Putting a Face to the Framework: Katerina Hristeva

Hyperscience | Posted on September 9, 2021

With the recent launch of our enhanced Hyperscience Platform, the cutting-edge power of our ML-based extraction again takes center stage. Much of the hard work in developing solutions happens behind the scenes, thanks to our diligent QA Engineers. The entire QA team works in parallel to ensure all aspects of our products are sufficiently covered by automated tests.

Collaboration and innovation is the heart and soul of the team, says Katerina Hristeva, who joined Hyperscience two years ago. We recently chatted with Katerina about how our warm culture and top-notch technical talent have helped her develop personally and professionally.


QA Engineer Katerina Hristeva

What brought you to the field of Engineering? 

Prior to joining Hyperscience, I worked in real estate. Although I worked in an entirely different industry, a friend gave me a programming book, and I was fascinated by the process of writing and testing code. I was eager to learn more about these problem-solving concepts and how they simplified workflows. 

Talk to us about the QA Engineering team. What’s your favorite part about working with this team?

I’m always learning and collaborating with my team at various levels of the testing process. Everyone on the team is incredibly experienced, and we work together to ensure our solutions are integrated in a reliable and scalable way to bring real value to customers. 

I love working with my team to promote customer confidence. A positive user experience makes or breaks a product. By meticulously testing the product, users are much more satisfied. Exceeding customer expectations is a great feeling. 

How much of your day do you typically spend coding?

I spend about 70% of my day coding. I prefer to automate tests for the new features, which helps the team execute test cases multiple times at a scale that is not possible on a human level. I spend the other 30% of my day writing acceptance criteria, performing manual feature testing, logging bugs, and, of course, meetings. 

What’s the most rewarding part of your work at Hyperscience?

I’m thrilled about the quality of product we deliver.
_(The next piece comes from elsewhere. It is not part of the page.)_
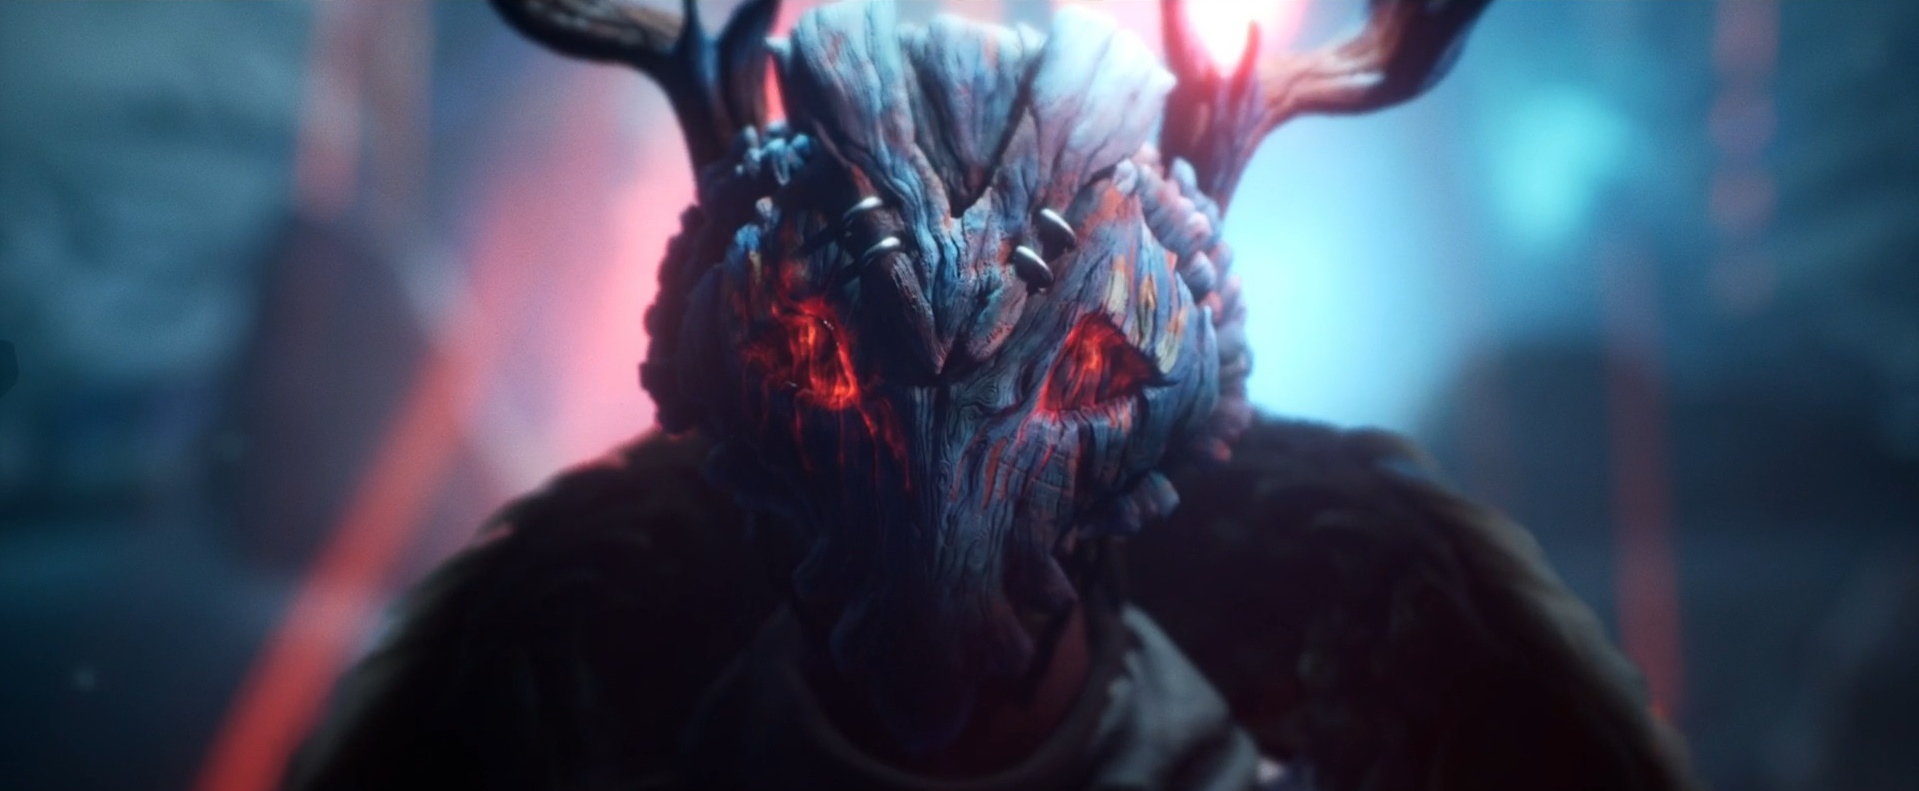 Kena: Bridge of Spirits бесплатно обновят с PS4 на PS5

When I see the high quality product prior to the release, I’m really proud of my team for their hard work. Our collaboration interdependency as a team helps to optimize opportunities for success. 

What’s one piece of advice you have for aspiring women in tech? 
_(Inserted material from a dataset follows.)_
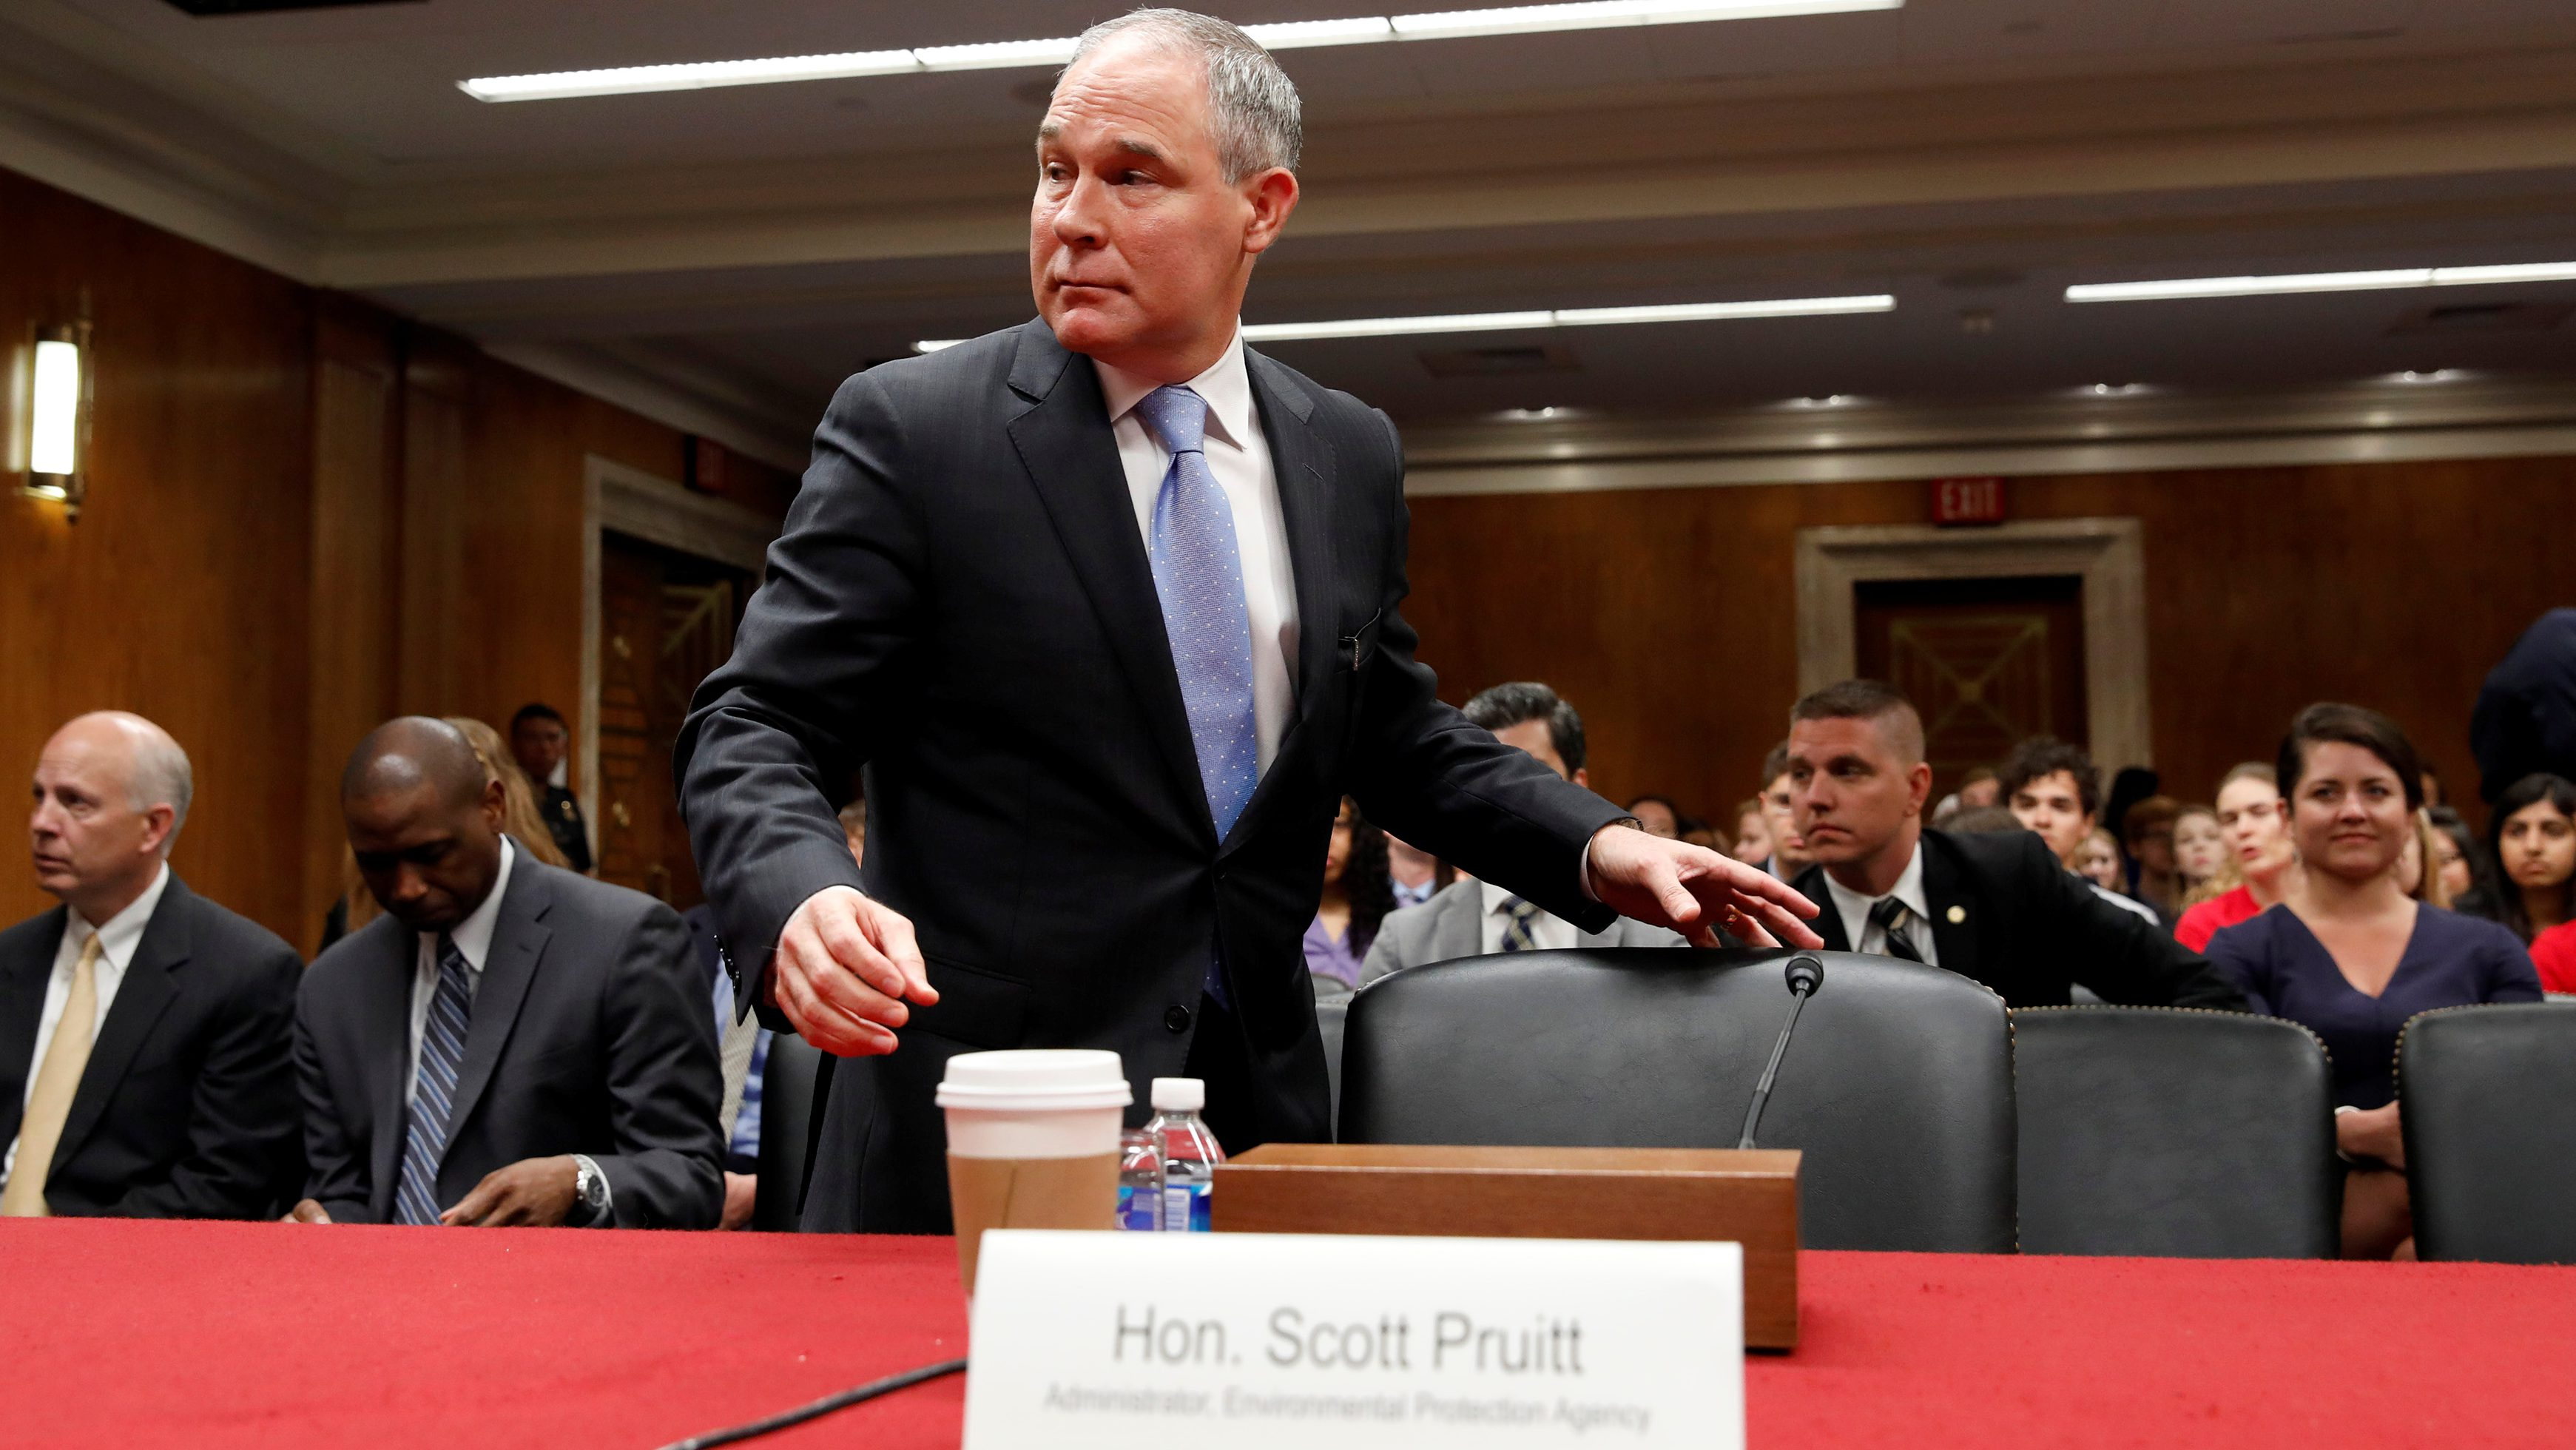 Scott Pruitt, head of the US Environmental Protection Agency

Remember, your career will be long. Your early working environment will have a long-term effect on your approach to work, your confidence and how you view technology overall. I encourage you to lean into training and mentorship opportunities that allow you to grow your skills and will put you on the path to a fulfilling career.

Learning does not end once you graduate from school; it’s a life-long process. We sometimes fail to recognize that our career is not the end product of our education. On the contrary, a thought-provoking career will continue to educate and inspire us.

What would you suggest is the ideal tool for emerging QA Engineers to utilize?

The Quality Assurance profession requires individuals to skillfully combine a variety of tools contingent upon the product being tested. 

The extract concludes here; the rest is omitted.